Work instruction >> Without the pictures, set down every line of the data exactly.

Dataset excerpt >>

•••

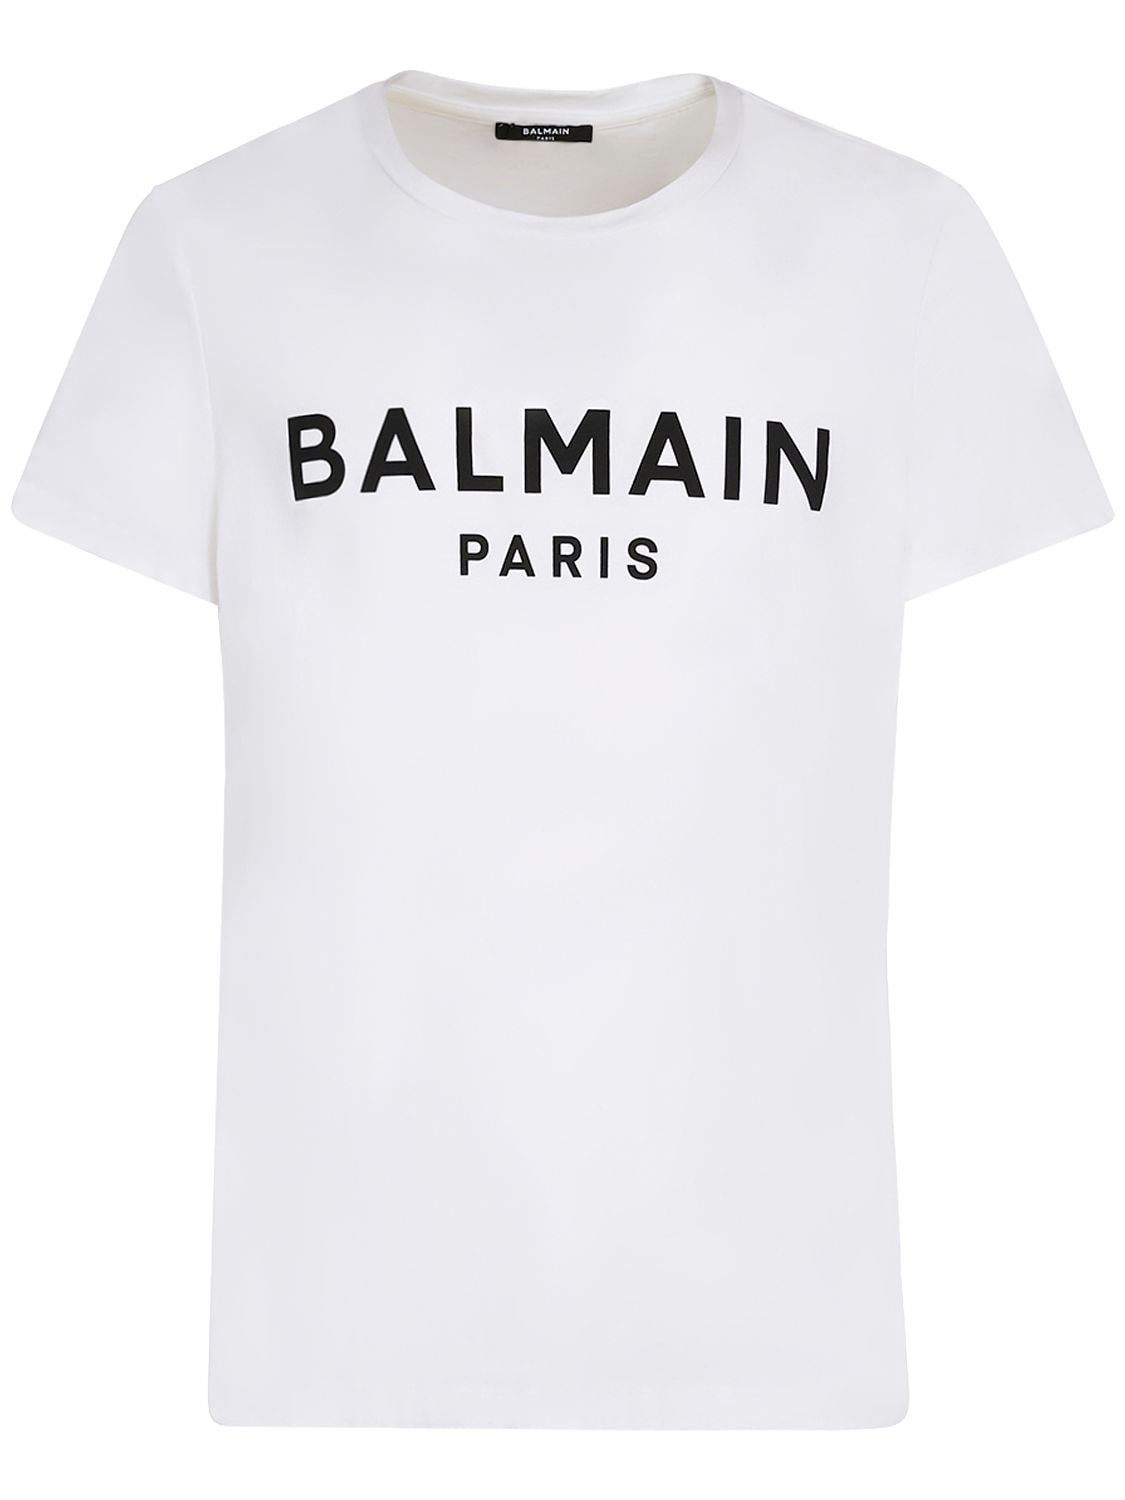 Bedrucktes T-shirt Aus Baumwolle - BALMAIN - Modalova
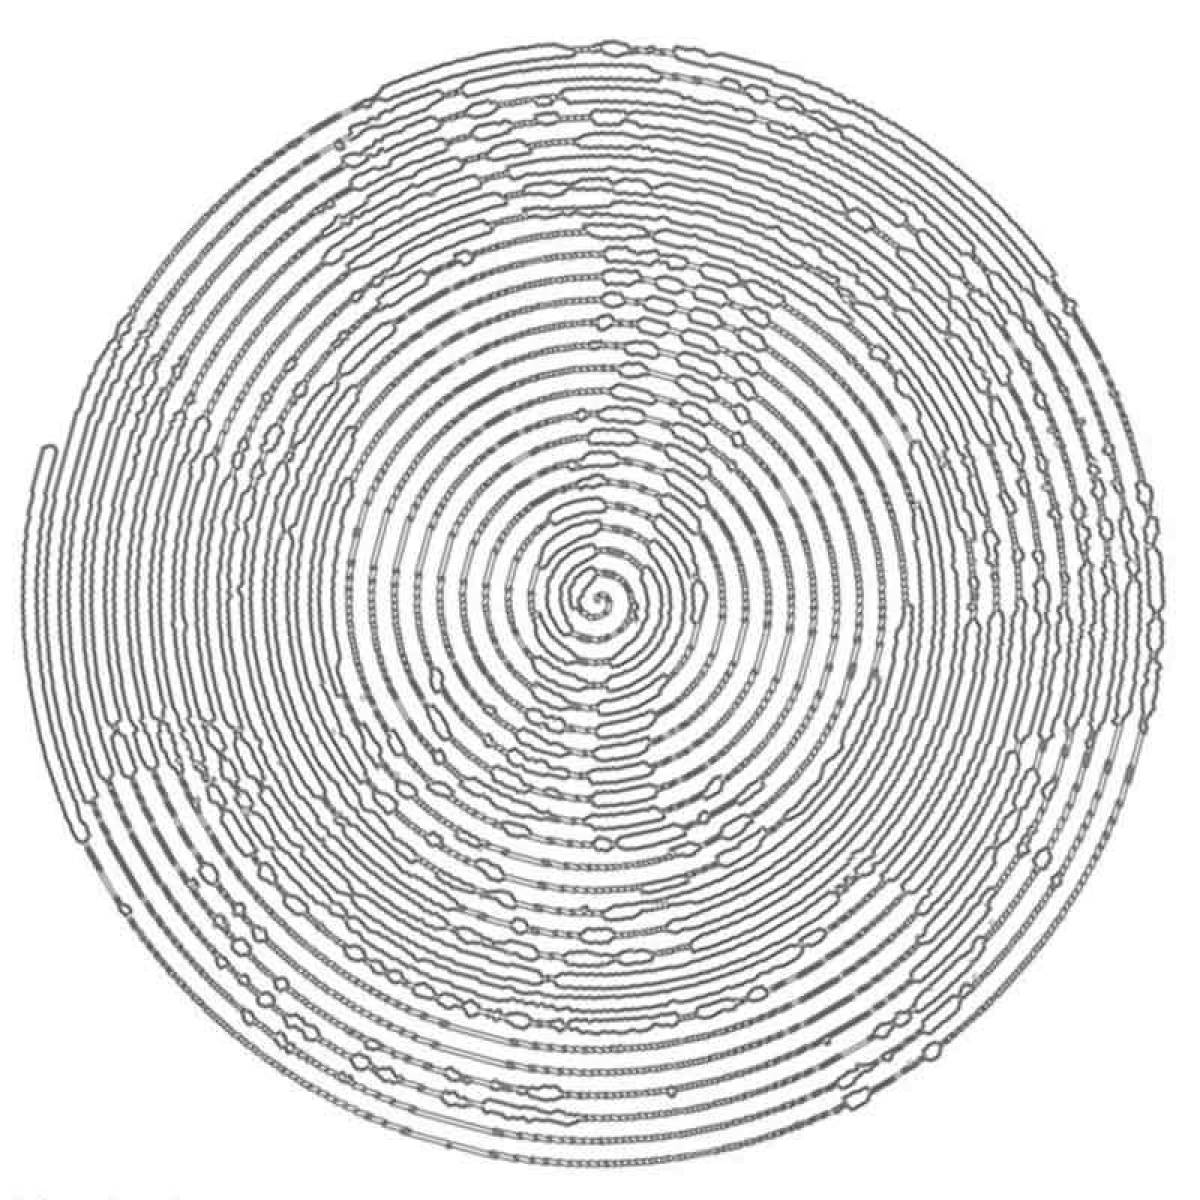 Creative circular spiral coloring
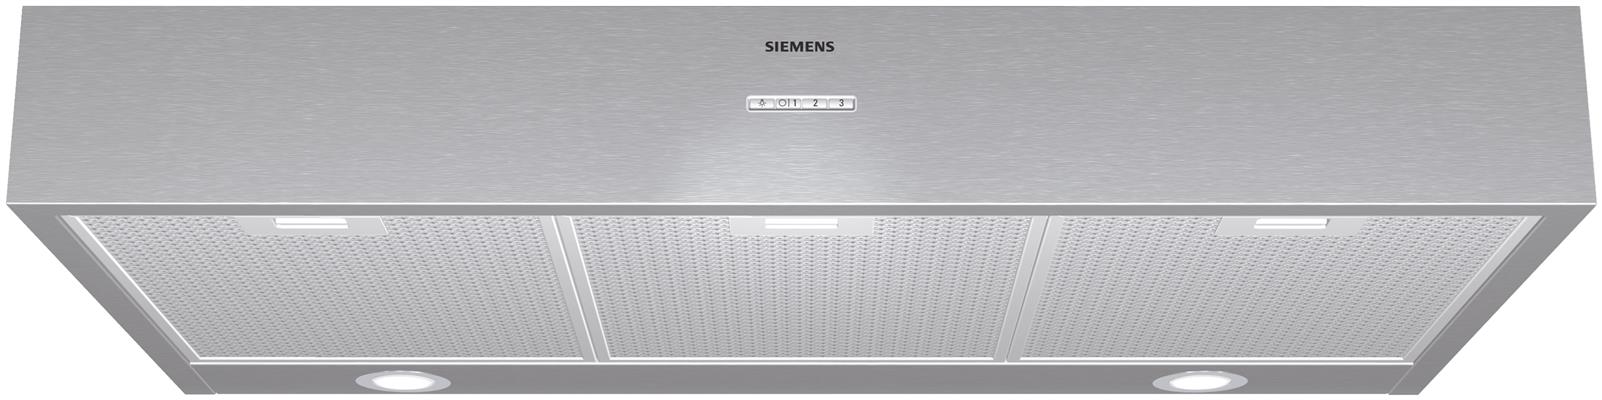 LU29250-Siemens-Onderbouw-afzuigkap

•••

Solution >>
 Bedrucktes T-shirt Aus Baumwolle - BALMAIN - Modalova
 Creative circular spiral coloring
 LU29250-Siemens-Onderbouw-afzuigkap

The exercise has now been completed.